As Hispanic Heritage Month begins, NBC 5’s Food Guy Steve Dolinsky visited one of his favorite taquerias in Little Village, where they use pretty much ever part of the animal.
All day long, plates overflow with finely-chopped white onions and fresh cilantro at La Chaparrita – a colorful grocery store with maybe a dozen tables inside – just off the main drag of 26th Street. Neighbors and regulars come here for the palm-sized tacos, each packed with ingredients with roots in the center of Mexico.
“The tradition of the tacos comes directly from Mexico City,” said Angelina Mendez, the owner of La Chaparrita.
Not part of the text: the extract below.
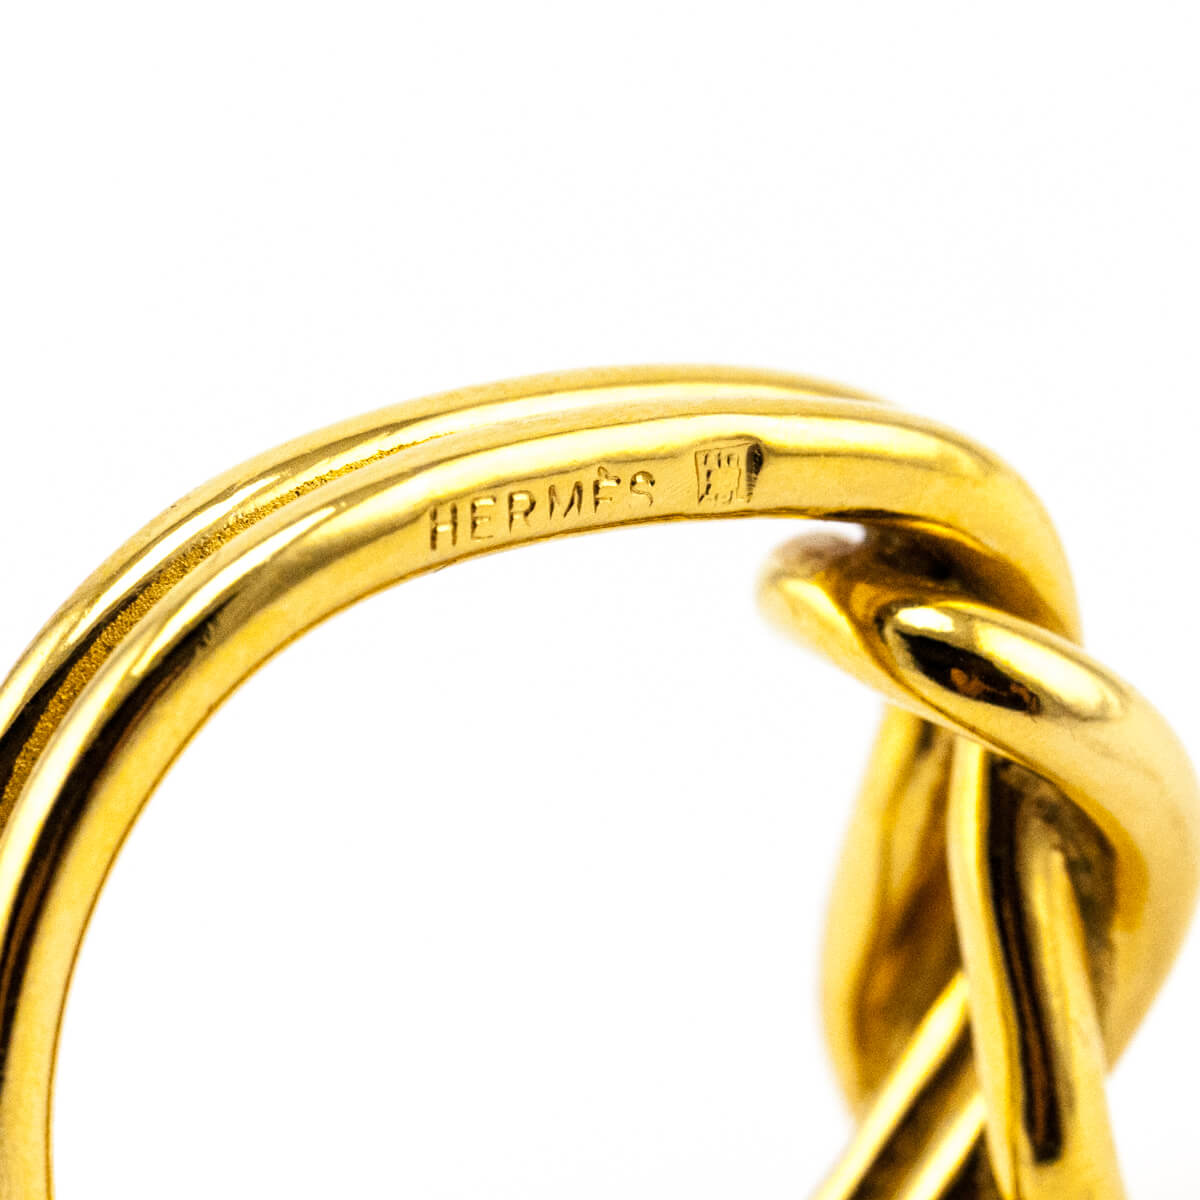 Hermes Gold Knot Scarf Ring - Love that Bag etc - Preowned Authentic Designer Handbags & Preloved Fashions

“The tacos we serve here are suadero – beef chuck; longaniza – Mexican sausage; tripe – which is very popular, which is the intestine; beef head; lengua – beef tongue.”
Some of the ingredients stew away in a flavorful broth, which also graces the tortillas before hitting the plancha. Next to the vat, a steamer, holding the cow’s extremities.
“In the steam what we hold is the tongue, the head, the brain and the sweetbread,” she said.
It’s more about texture – the tongue is exceptionally tender and delicious, and improves with the chopped onion and cilantro, not to mention one of three different homemade salsas, which add a jolt of chile.
“The salsas are a very unique recipe here at La Chaparrita,” said Mendez.
Red, green or habanero – you choose your heat level.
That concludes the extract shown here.